Monday, 4 March 2013

Remembering Ayesha

Ayesha was our maid in Oman for a few years.  When she worked for us, she was a young woman, probably in mid to late twenties.  She got married when she was 10, had a child at 11, left the child with her family in Kerala, India, to join her husband in Oman.  Her husband Jaffer was a kitchen help in one of the many kitchens belonged to the Sultan of Oman.

When we moved to Oman in 2002, she found out that we were looking for a maid, and knocked on our door.  My wife thought that she was 'interviewing' a conservative woman, well covered on purdah, for the position.  I think my wife was half-hearted, so, she asked for my opinion.  We were in need of a maid to look after our two kids,three and one.  I said let's give it a try.

Ayesha joined us as a maid.  Without purdah, she looked young and nice, did not speak much with me, but it seems that she was talking a lot with my wife.  They exchanged recipes, stories of women in Oman, and so on.  She will come to work around 8 AM, and leave by 3 pm, so I hardly saw her except on Thursdays, when we both were home.  In Oman, Thursdays and Fridays made the weekend.  She did not work on Fridays.

The first month came to an end, and we gave her a fifty rial note as her salary.  Its 130 USD, considered a good salary for part-time maids in Oman.  That was the agreement.  Ayesha was not happy.  She thought we gave her a ten rial note, which is a similar color note to a fifty.  Its then we realized that Ayesha could not read.  She did not know the difference between 10 and 50, and she had never seen a 50 rial note.

Later she found that two other families, resided on house numbers 22 and 24, required a part time maid after 3 pm, and she wanted to check them out.  My do-gooder wife wrote 22 in her right hand and 24 in her left hand, and told her if the house is on right its 22 and if its on left it will be 24.  Pretty sad.

Whenever I traveled, Ayesha will stay home over night, she will not do any work on hours other than from 8 AM and 3 pm, but being at home was helpful.

There are many interesting incidents between us and Jaffers.  Once they wanted us to have lunch on a festival day, and we agreed.  Both were so happy.  Jaffer offered me a bottle of whiskey (about 5 USD - still twice as expensive than the whiskeys they drink).  He will come to our place occasionally, and cook some very good food.  The first time, I too wanted to reciprocate, I offered a bottle of Chivas Regal, he cleaned half a liter in no time, as he was cooking.  I could not make similar offers every time he came, it was not easy to get Chivas Regal in Oman.

My wife and Ayesha got along well for a few years, then things started going sour.  My tolerant wife will complain to me, but will not confront her.  She just do not know how.

One day, my wife called me from my kids' school and said Ayesha had to go.  I was in the College, I went home, called Ayesha, and said we do not need her services anymore, paid her dues, and told her to leave.  I was polite but firm.  She was in the middle of ironing, she too was mad at us, yet, she said she will finish ironing and leave.  I told her that there's no need for that and she should leave straight away.  I had to get back to work.  She covered herself, walked out of the house, paused, returned, but finally left without making any fuss.  She was proud too.

So, how come I remembered her after almost 9 years?  I am in Pretoria today, and I had chicken wings for dinner tonight with South African red wine.

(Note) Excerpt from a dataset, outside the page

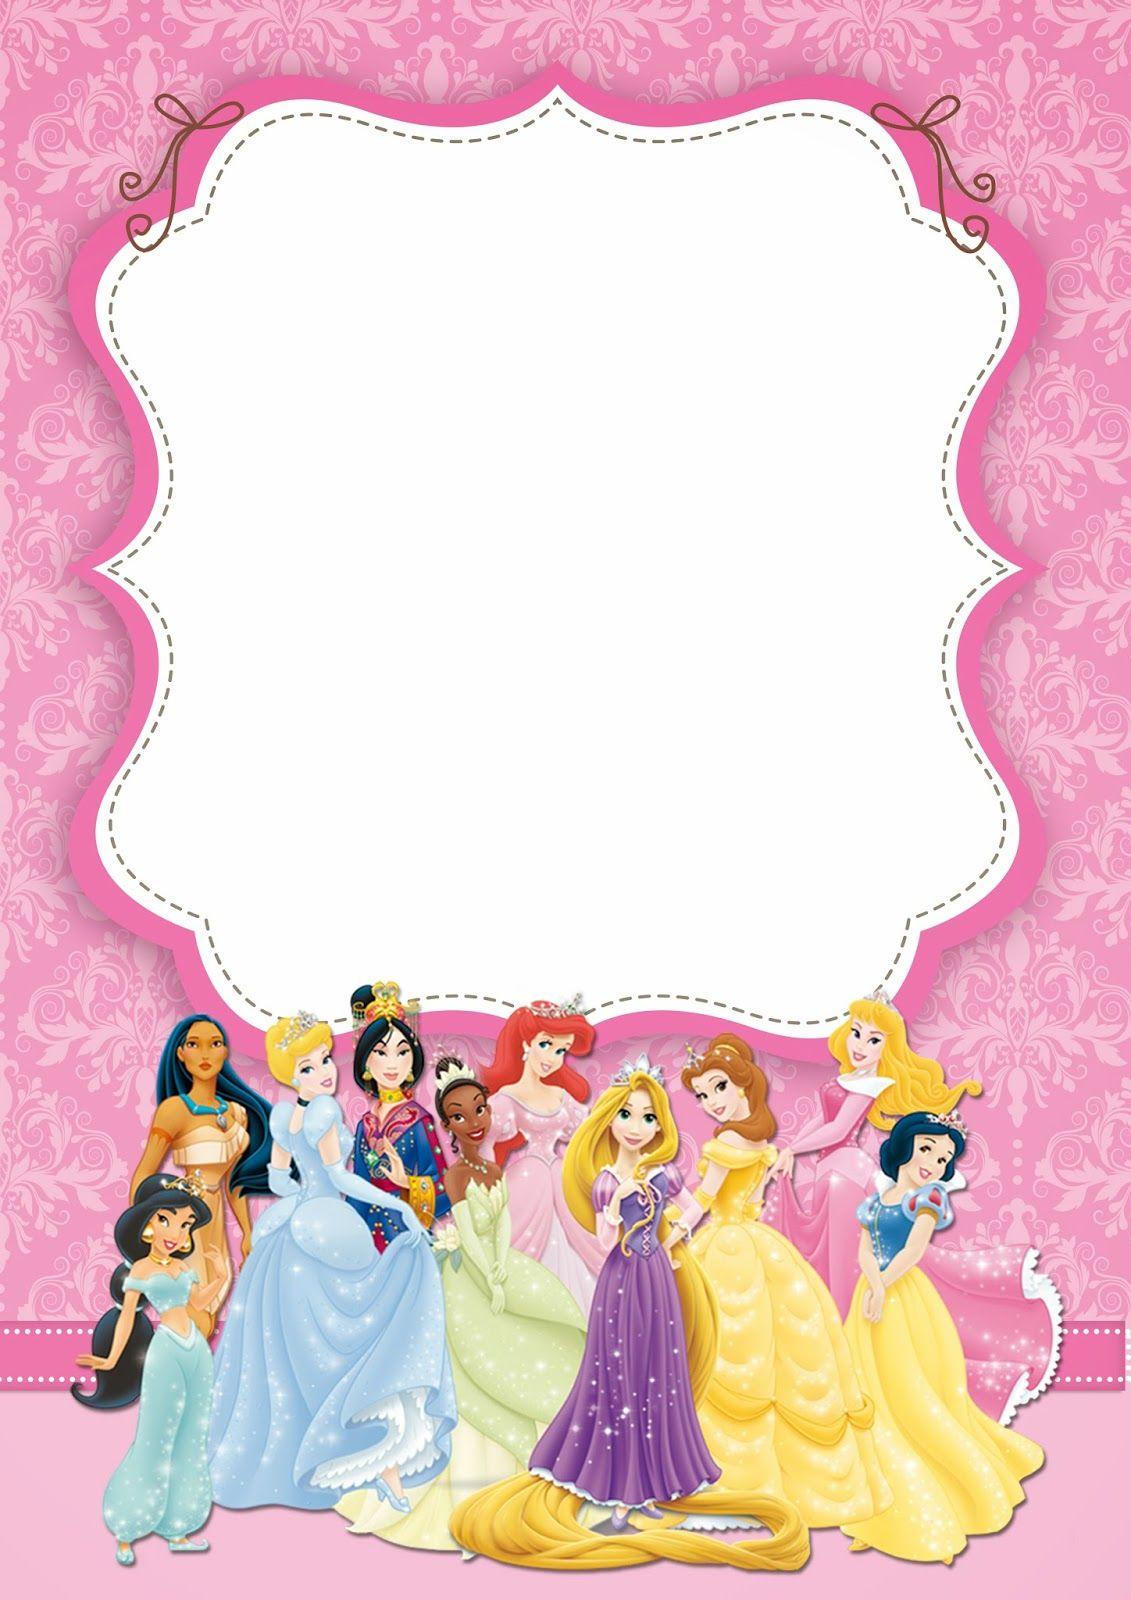 Disney Princess Party: Free Printable Party Invitations. | Oh My - Free Printable Disney Invitations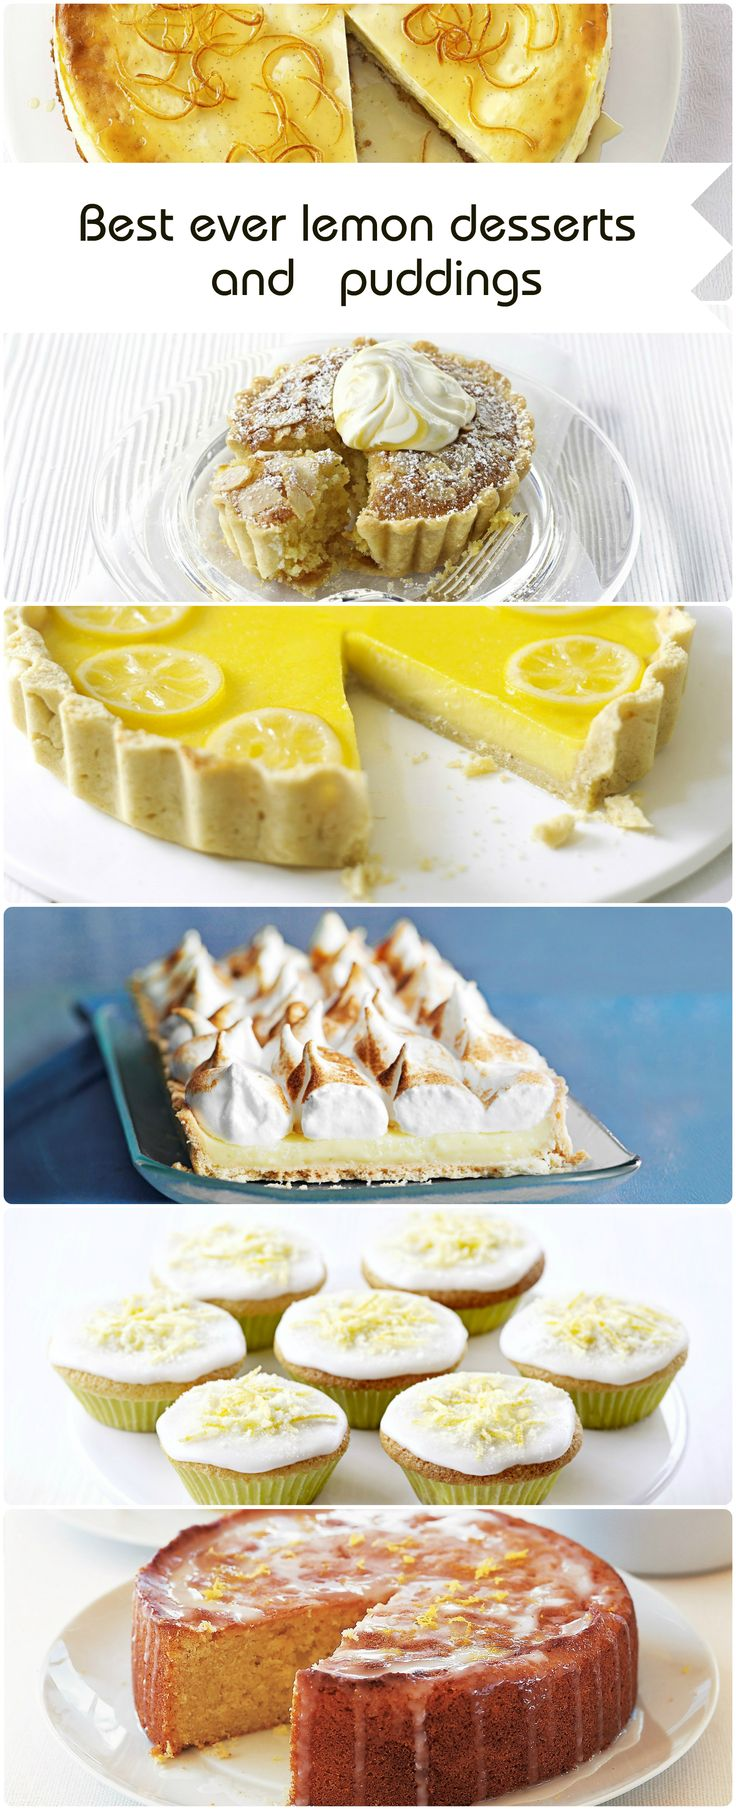 Lemon Polenta Cake With Limoncello Syrup

Ayesha's husband as a kitchen help had access to bags full of frozen chicken wings.  He will send them through Ayesha, she will fry a few every day for me to have it with my whiskey when I come home.  That was good.  Just think about it.  A maid's husband sending  food for her Master.  Funny isn't it.

My wife and I have seen Ayesha a few times later on the streets.  She will wave, we too will wave, make a polite small conversation and move on.  I think she regretted offending my wife.   We have no idea where she is.

Its disappointing when a reasonably good relationship ends on a sour note.  But, that's the way life is.  All good things must and will come to an end.